Cassandra57 Cassandra57 9 years
Wow, I just ran across an interesting article on this subject! From today's Washington Post, "The Dumbing of America" by Susan Jacoby. http://www.washingtonpost.com/wp-dyn/content/article/2008/02/15/AR2008021502901.html
trésjolie1 trésjolie1 9 years
I understand your feelings, snowbunny. But electing George W. Bush Jr. in 2000, and re-electing him in 2004 counts for more than a few rotten apples. He is the President. Our President. And he and his administration wields more power than any other nation, period. And yes, American beer pretty much suck in my opinion. When the beer is brewed they boil it to pasteurize it, and then re-carbonize it afterwards. I live in Europe at the moment, and I can't stand American beer anymore; not because it's American, but because it tastes peach flavored soda to me. It makes me cringe. But not for a political reason.
Cassandra57 Cassandra57 9 years
snowbunny: Thanks for the extra insight. It occurred to me later, a lot of "intellectuals" believe they can think up a better answer to (fill in the blank) than any religion can provide. So, I can see where there might be an anti-intellectual bias in some churches. Personally, I wouldn't consider those types true intellectuals, just folks trying to rationalize a reason to behave as they please. I believe there's a lot of value in having established, tried-and-true patterns / norms for social situations. cabaker: Certainly, American pop culture is pervasive. To be fair, though, a lot of kids read / watch Japanese anime, and for 40+ years there's been a lot of English influence in our pop music. (I'll admit that my family may be an exception, though, as we don't listen to rap, hip-hop or country.) RE: European anti-American sentiment. My DD did a year in the Netherlands at 16, returning in July 2007. In her experience people seemed to distinguish between the people, who were generally deemed okay, and the government, which was subject to criticism. Interesting discussion, everyone!

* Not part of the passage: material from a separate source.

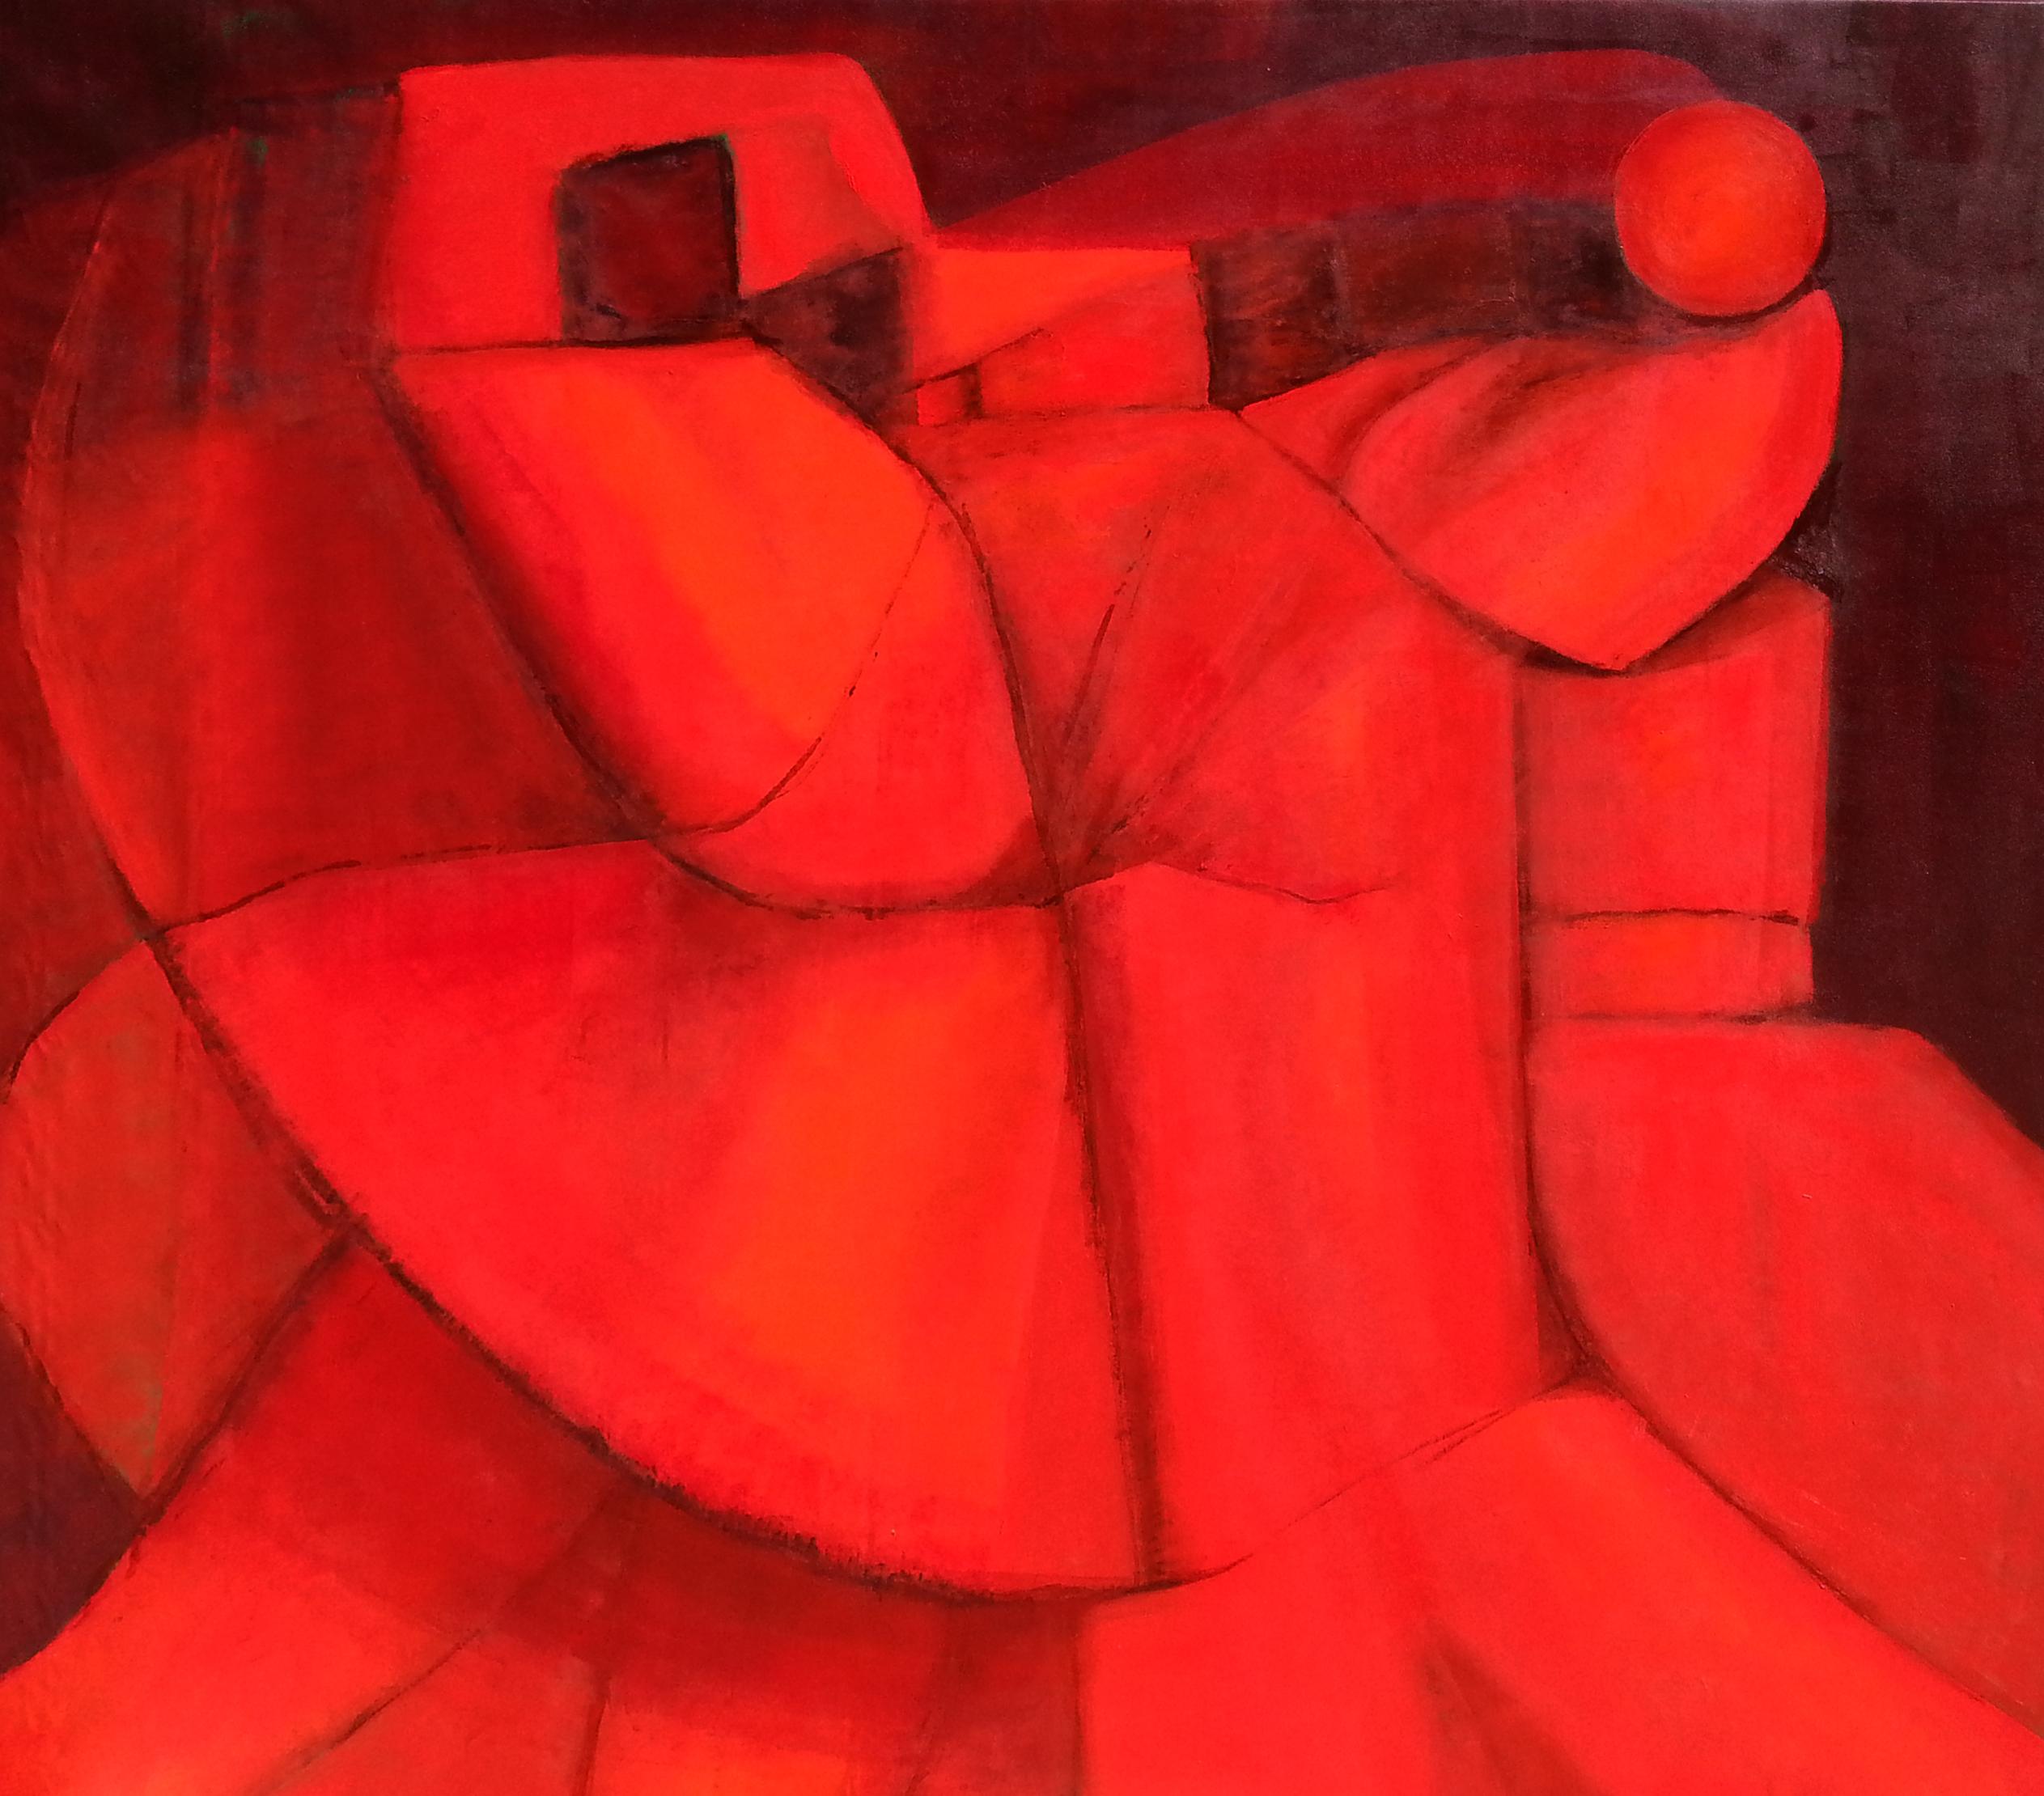 Bartolomeo Gatto Energy in red olio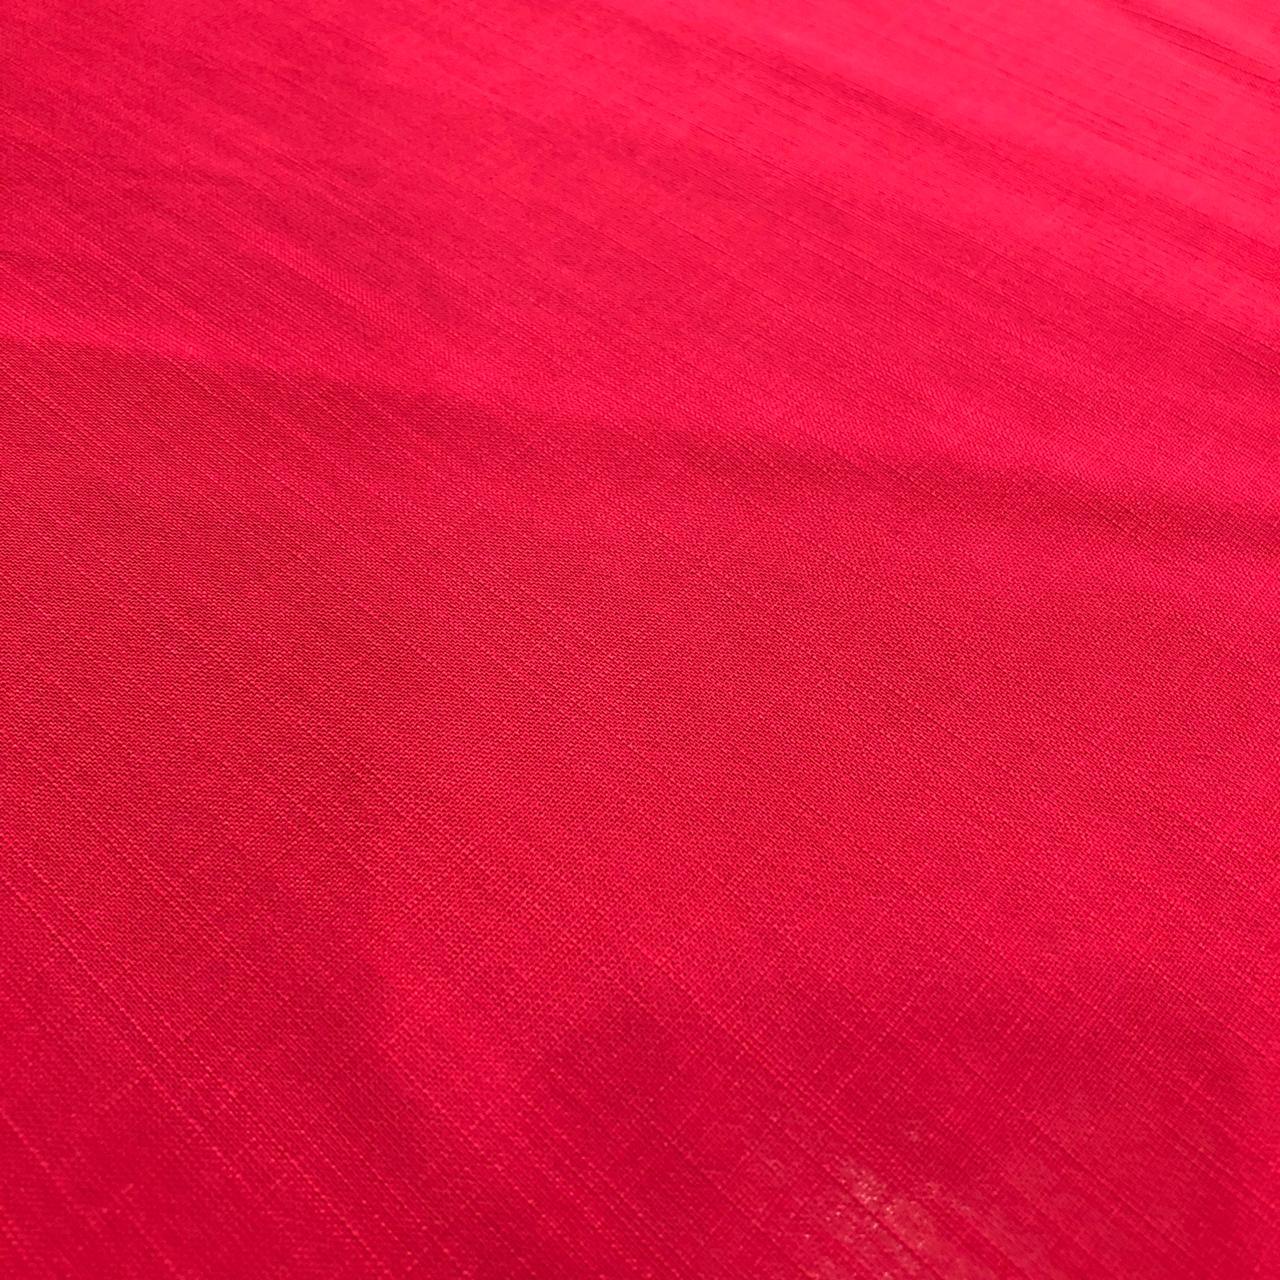 Tecido Viscose Rayon Maquinetada Vermelho

snowbunny11 snowbunny11 9 years
Cabaker- Haha...my dad emigrated here from Bulgaria as a refugee because his family was being pursued by the Communist rule a few decades ago. I think, even though I never had to experience life under socialism (though he returned in 1990 for quite a while), it's something I am very grateful for because as crazy liberal as I can be, I do enjoy my cushy capitalist life very much. My family lost EVERYTHING in Bulgaria before they came here! My friends from India have a lot of the same sentiments. While culturally I think there is a lot they miss, they are grateful for the opportunities that they have had in America at University here. I mean, living in India is a very different experience from living in a socialist regime, but I don't think it is easy for them to see all the poverty when they go back to visit. Even though India is emerging as a superpower, it still has so much poverty. I wasn't really trying to criticize Europeans as being anti-American, but rather, my American friends who spend a couple semesters in London or Vienna and come back with a complete disdain for our "uncultured, consumerist" culture. So easy to be derisive of our consumerist culture when you have goods to consume! I cannot fault other countries' citizens for their perception of the US, because I think we do bring a lot of bad publicity onto ourselves through some of the insanely poor decisions our leaders make, however my friends are throwing stones from a place of such comfort. It's good to hear your recent experience in Eastern Europe. I think being critical of your country is being part of a patriot, but I really am sick of hearing how much better the brew/fashion/leaders/art/people are in London! Ah, I'll always be very liberal anyway, but yes, this is certainly a point that bothers me. I can care about the environment, dislike rampant over-consumption, care about social justice and still be grateful for what we have and patriotic.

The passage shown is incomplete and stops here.